Syria car bomb hits capital amid ceasefire

Syria car bomb hits capital amid ceasefire

A car bomb on Tuesday rocked central Damascus, a day after nearly 60 were killed across Syria despite a hard-won ceasefire and the upcoming deployment of 300 UN peace monitors.

Three people were wounded when the blast went off in the Marjeh district of the capital, Syrian state television reported, blaming “terrorists”, the government term for rebels.

State news agency SANA said the bomb was placed under the car of an unsuspecting man, who was among those hurt.

The blast came as the Syrian Observatory for Human Rights said violence across the country killed 54 civilians and five soldiers on Monday, despite the tenuous ceasefire.

Thirty-one of the civilians died in a government assault on the Arbaeen neighbourhood in the central city of Hama and 13 others, including women and children, died in a mine blast in the village of Jarjanaz, in northwestern Idlib province.

Video footage posted online by activists showed a street in Arbaeen with large pools of blood and women weeping. Two young girls were shown in one video crying and holding up the picture of a man.

The Observatory said two people also died on Tuesday in Damascus and its suburbs, one of them an intelligence officer shot in the neighbourhood of Barzeh.

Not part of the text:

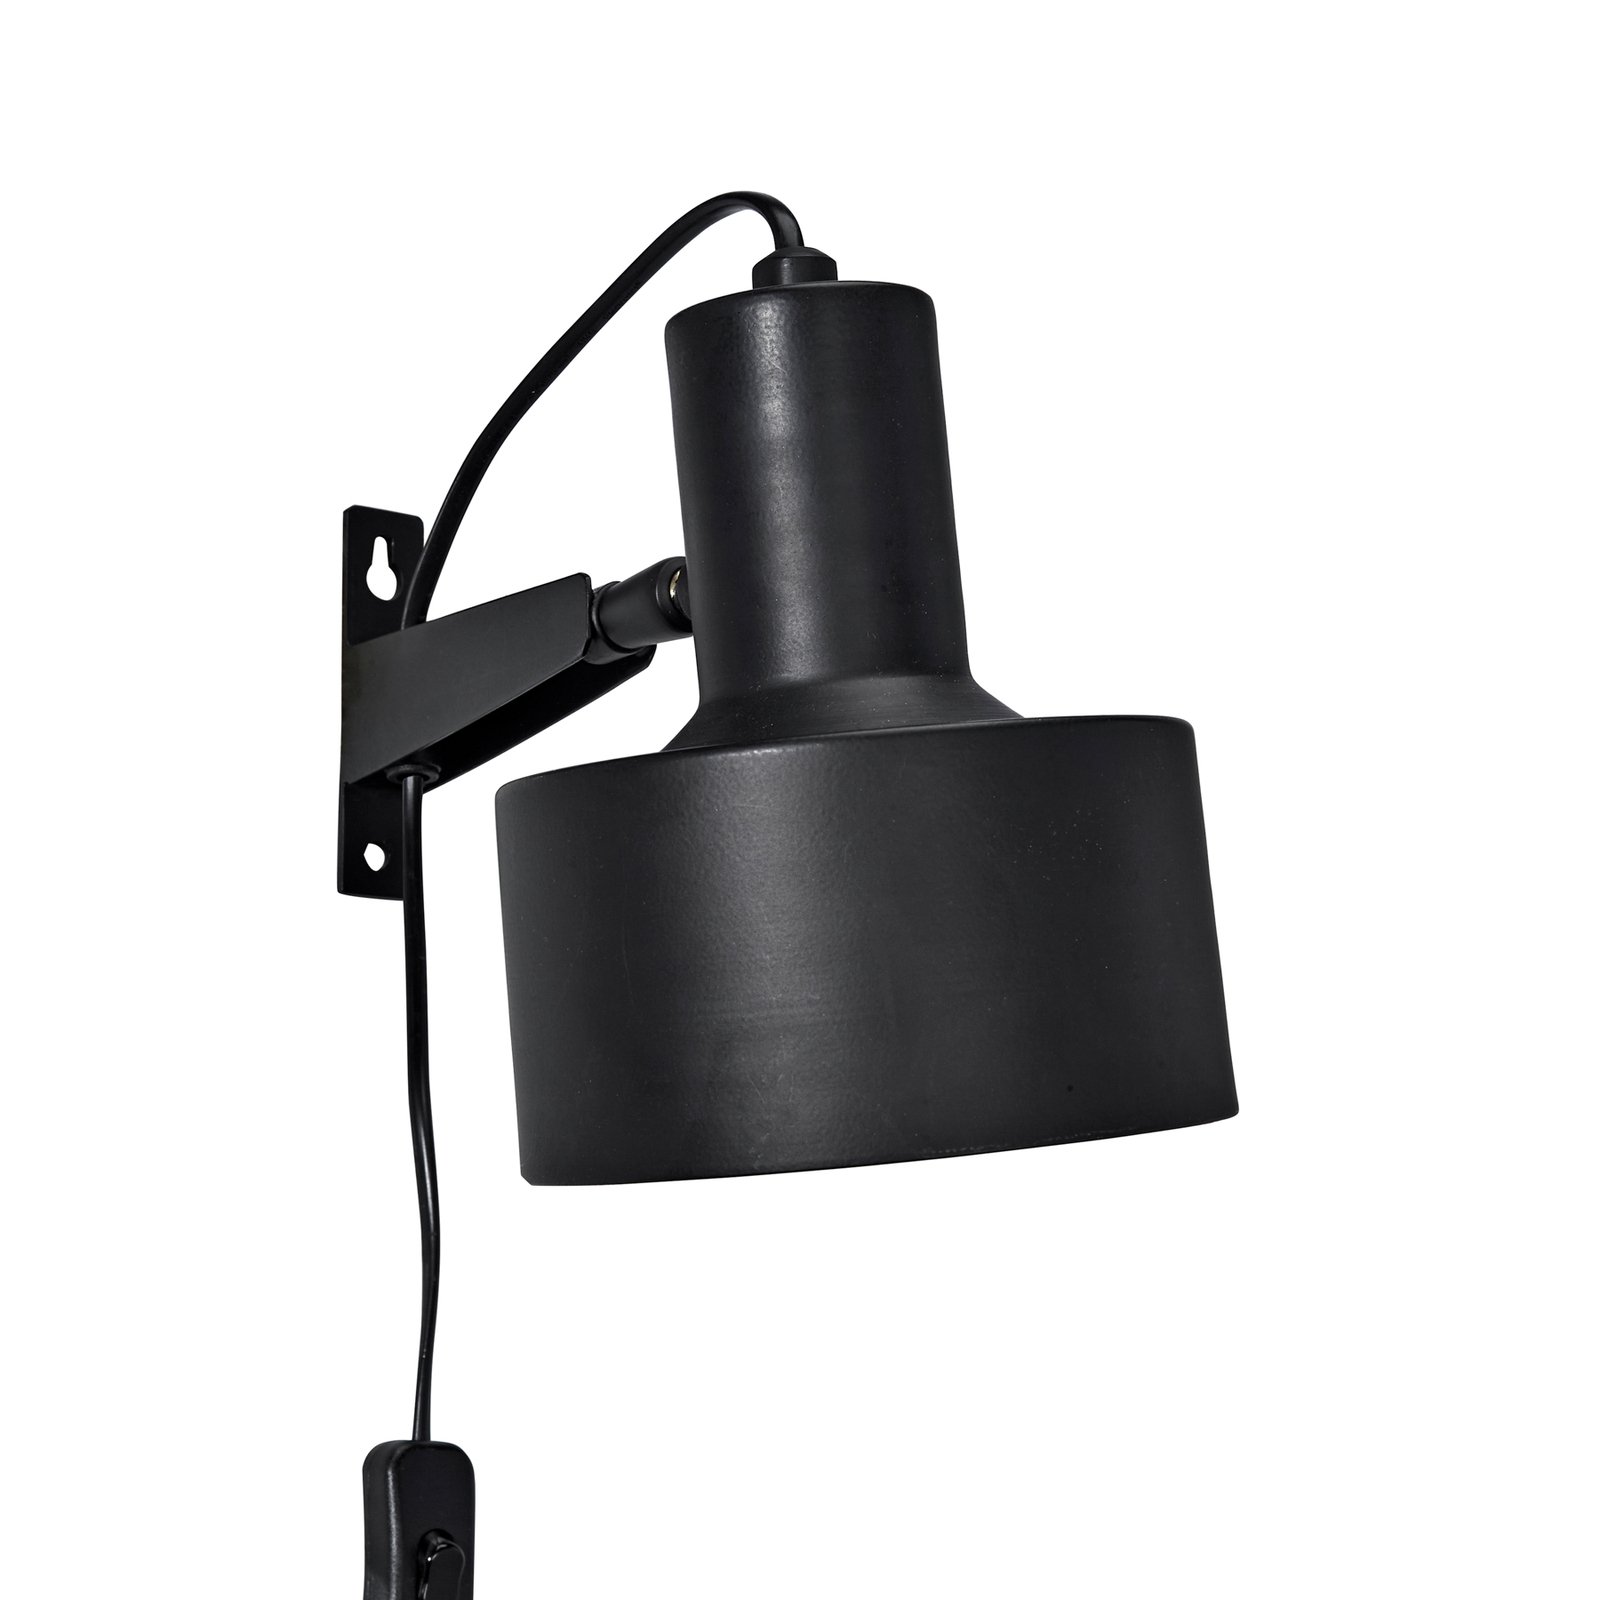 PR Home Solo wandlamp met stekker, mat zwart

The violence occurred despite the April 12 ceasefire, and the presence of an advance team of UN monitors to implement the truce.

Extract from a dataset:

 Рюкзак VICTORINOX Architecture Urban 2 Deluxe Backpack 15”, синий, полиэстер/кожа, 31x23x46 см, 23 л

The persistent bloodshed has sparked growing criticism from opposition activists of the fledgling UN mission, which now numbers 11 observers out of a planned initial deployment of 30.

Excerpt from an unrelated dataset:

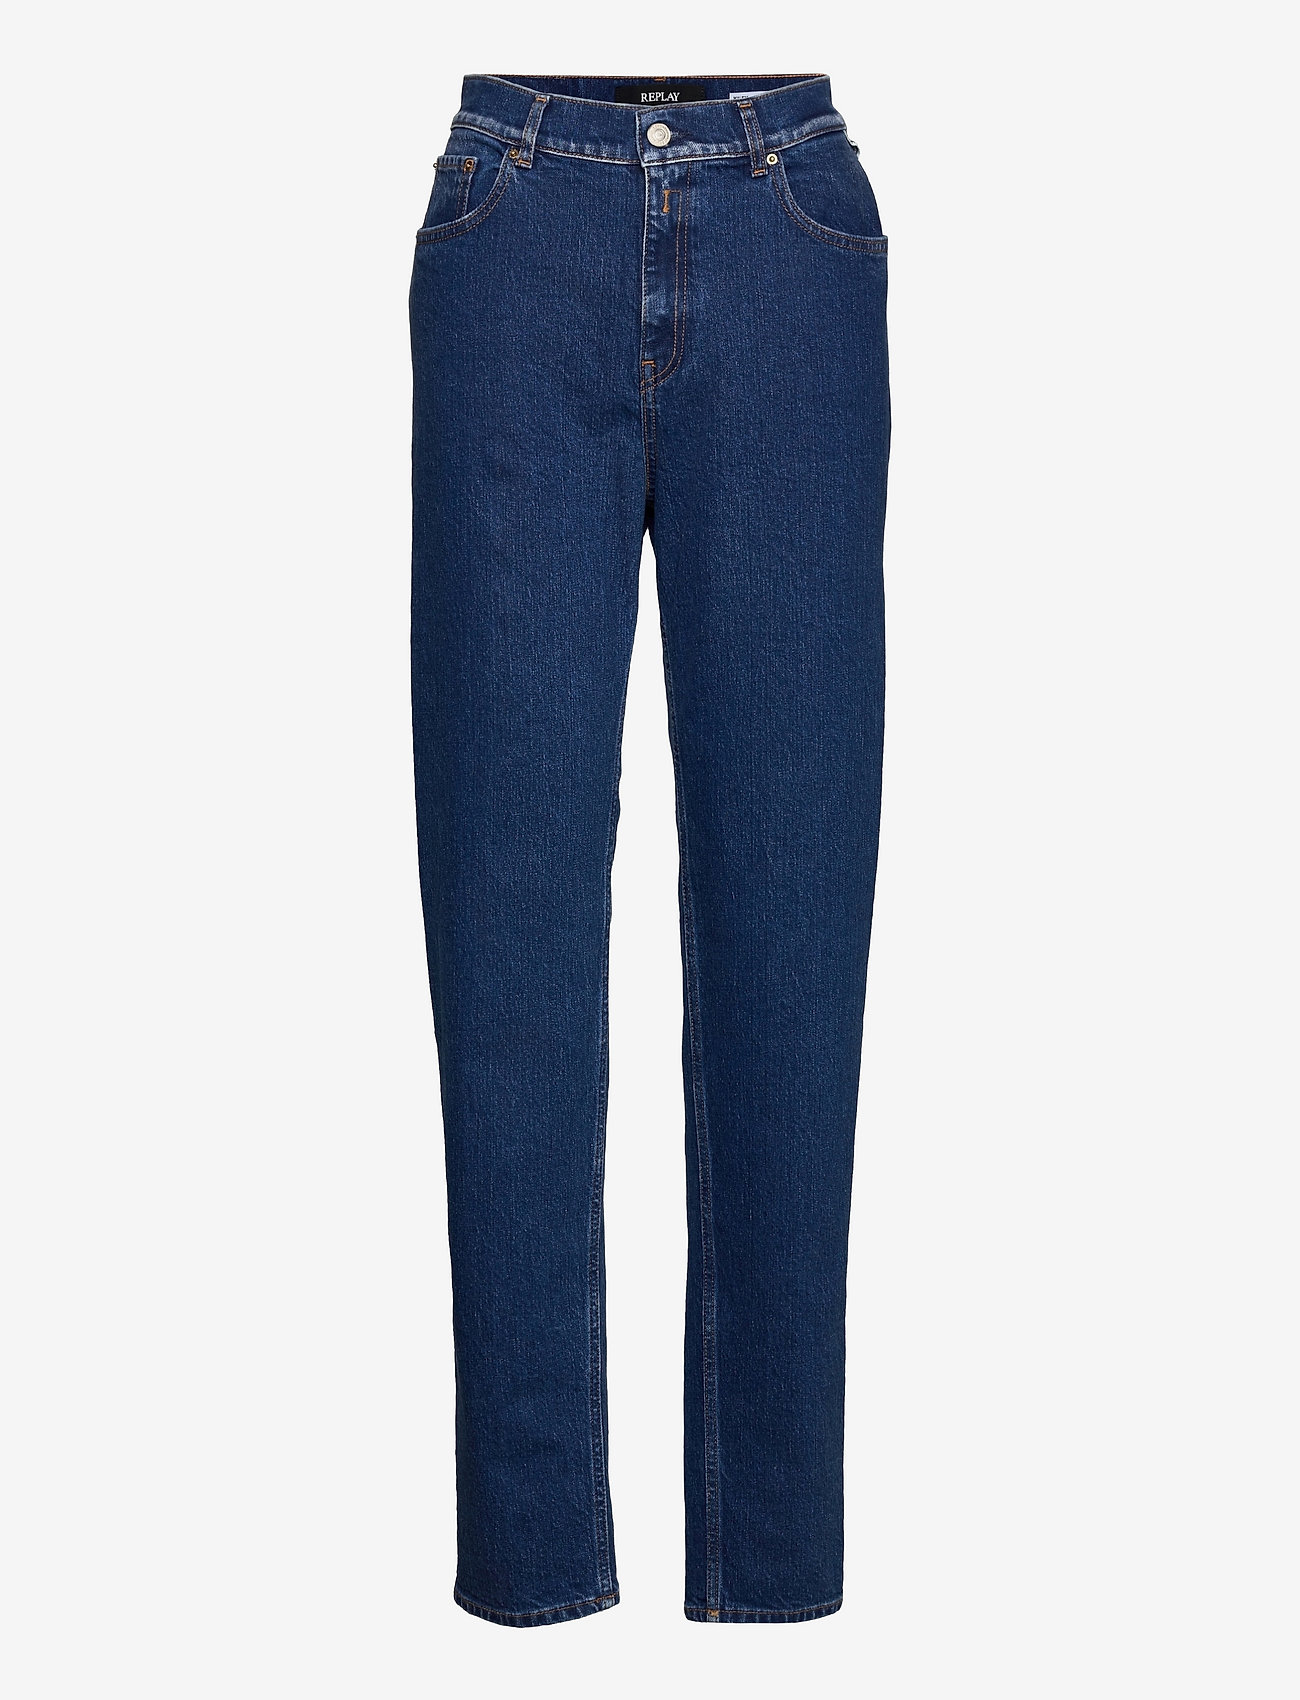 Replay - KILEY Trousers - sirge säärega teksad - medium blue - 0

The monitors have toured several protest hubs since their arrival in the country earlier this month, including the battered city of Homs, where two of them set up base at the weekend.

During their visits, they have been greeted by thousands of protesters demanding the ouster of President Bashar al-Assad and the arming of the rebel Free Syrian Army.

Despite scepticism over the UN mission, UN chief Ban Ki-moon on Monday gave the go-ahead for the deployment of 300 ceasefire monitors from next week.

Ban insisted that the Assad government ensure the protection of the unarmed observers and allow them to travel freely throughout the country.

Russia, a staunch ally of the Damascus regime, warned both sides to the conflict against disrupting the work of the UN observers which it said was crucial to providing an unbiased picture on the ground.

Critics have said the UN mission was simply allowing the regime to buy time as it presses its crackdown against what began as a popular revolt but has turned into an insurgency.

Washington has also expressed reservations, warning it may not back the mission’s renewal after 90 days.

On Monday, US President Barack Obama ordered new sanctions on Syria and Iran and the “digital guns for hire” who help them oppress their people with surveillance software and monitoring technology.

Obama announced additions to the pile of US sanctions already faced by the two governments as part of a wider effort to crack down on human rights abuses, atrocities and genocide.

The measures will hit the two governments but also companies that help create systems that track or monitor their people for killing, torture or other abuses and prevent individuals involved from entering the United States.

Separately, the UN’s World Food Programme on Tuesday said it was boosting assistance to the Syrian population to reach 500,000 people in the coming weeks.

Even before the revolt broke out in Syria in March 2011, 1.4 million Syrians, out of a populatin of 23 million, “were struggling to meet their daily food needs,” Cousin said.